Poco necesitó para decidirse. Desde que Juan apareciera sus días eran más cortos y soleados, había rejuvenecido y su cabello lucía brillante y peinado. No quería regresar a lo anterior. A su tristeza y a su melancolía.
–Juan, hace casi un año que estamos juntos, los vecinos murmuran, de modo que si usted sigue acá creo que deberemos legalizar nuestra situación.
–¿Situación? ¿Qué situación? Yo soy su empleado y nada más.
–… Si quisiera podría ser algo más… –dijo coqueta acariciándose la cintura.
Juan la evaluó: la mujer era algo mayor que él, tenía algunas hebras blancas en su cabeza y algunos kilitos de más que la hacían muy apetitosa. Además tenía el rancho –herencia del finado–, y una buena parcela de tierra. Y aceptó. Fueron a ver al cura y al juez y en unas semanas, luego de las publicaciones de rigor, se casaron.
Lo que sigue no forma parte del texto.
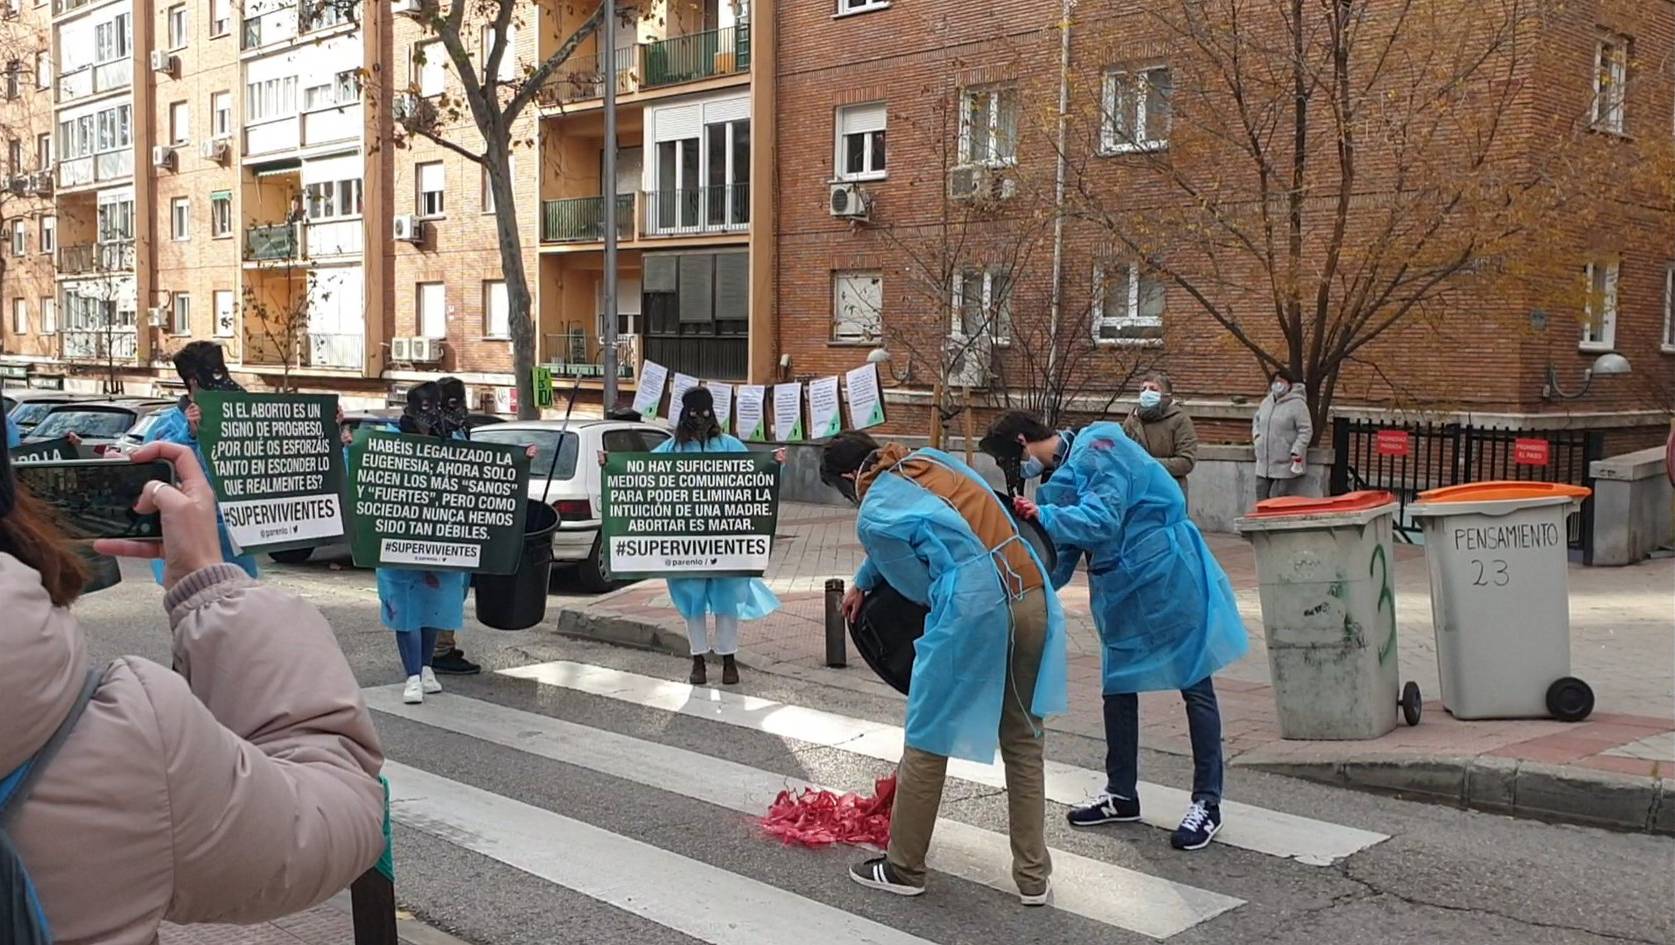 Un grupo de personas con pancartas antiaborto ante la Clínica Dator, en Madrid, que realiza esta intervención, en imagen publicada por la Asamblea Feminista de Tetuán en redes sociales.

Para festejar fueron a pasar un fin de semana a Luján. Recorrieron la ciudad y visitaron el casino. Nunca antes habían entrado a uno y los encandiló el lujo que los rodeaba.
Suerte de principiantes, salieron con un buen fajo de billetes. Eulalia no cabía en sí de dicha, y Juan, que pensaba en su anterior situación, sentía que era un hombre afortunado.
La muchacha que cambiaba las fichas en la caja les sonrió con un guiño pícaro al ver la cantidad de dinero que se llevaban. Juan se sintió un seductor. A Eulalia, en cambio, no le causó ninguna gracia.
Regresaron al rancho y retomaron la rutina. Pero algo había cambiado. Juan se esmeraba aún más en los trabajos del campo y cuidaba a Eulalia con afecto.
Se sentía dueño y actuaba en consecuencia.
En poco tiempo comenzaron a hacer planes de mejoras y agregaron maní y soja a las cosechas. Eulalia se sentía feliz, su vida había cambiado por completo; hasta se visitaban con los vecinos. Todas las noches le agradecía a la Virgencita el haberle enviado a Juan, y Juan agradecía a Dios su actual bienestar.
Una vez al mes el matrimonio se acercaba a Luján y a su casino, aunque ya no ganaban tanto como aquél primer día en el que la suerte los acompañó por novatos. Siempre la cajera los reconocía y les regalaba su sonrisa cómplice.
No había pasado mucho tiempo de la boda cuando empezaron a hablar de colocar luz eléctrica. En septiembre ya estaba instalada. La felicidad era completa.
Una mañana, como siempre lo hacía, Eulalia se levantó al canto del gallo para calentar agua para el mate. A ciegas, como era su costumbre de tantos años, abrió la garrafa y acercó un fósforo; dejó la pava sobre el fuego y se dirigió al baño. Cuando regresó, el olor a gas era asfixiante: el fuego se había apagado. Manoteó la llave de luz y la accionó.
La chispa que brotó hizo volar la cocina. Eulalia voló con ella y sus pedacitos quedaron esparcidos por el campo.
La velaron a cajón cerrado.
Juan, luego de llorarla comenzó, por consejo del juez, con la sucesión. Eulalia no tenía hijos ni padres, de modo que fue declarado único heredero.
Para ayudar a su duelo cada tanto iba a Luján a rezarle a la Virgencita; de paso se acercaba al casino para disfrutar del lujo, tentar a la suerte y ¿por qué no? recoger las sonrisas de esa cajera. Poco a poco, sonrisa va, piropo viene, comenzaron a intimar.
No habían pasado doce meses que Eulalia había partido y la nueva cocina estaba terminada, linda y reluciente; y la sucesión también.
Juan era dueño absoluto de las tierras y del rancho que mejoraba día a día. Y… él se esmeraba.
Pero Juan tenía otra razón, quería que el rancho entero luciera como nuevo cuando llegara a instalarse su futura esposa, la antigua cajera del casino de Luján.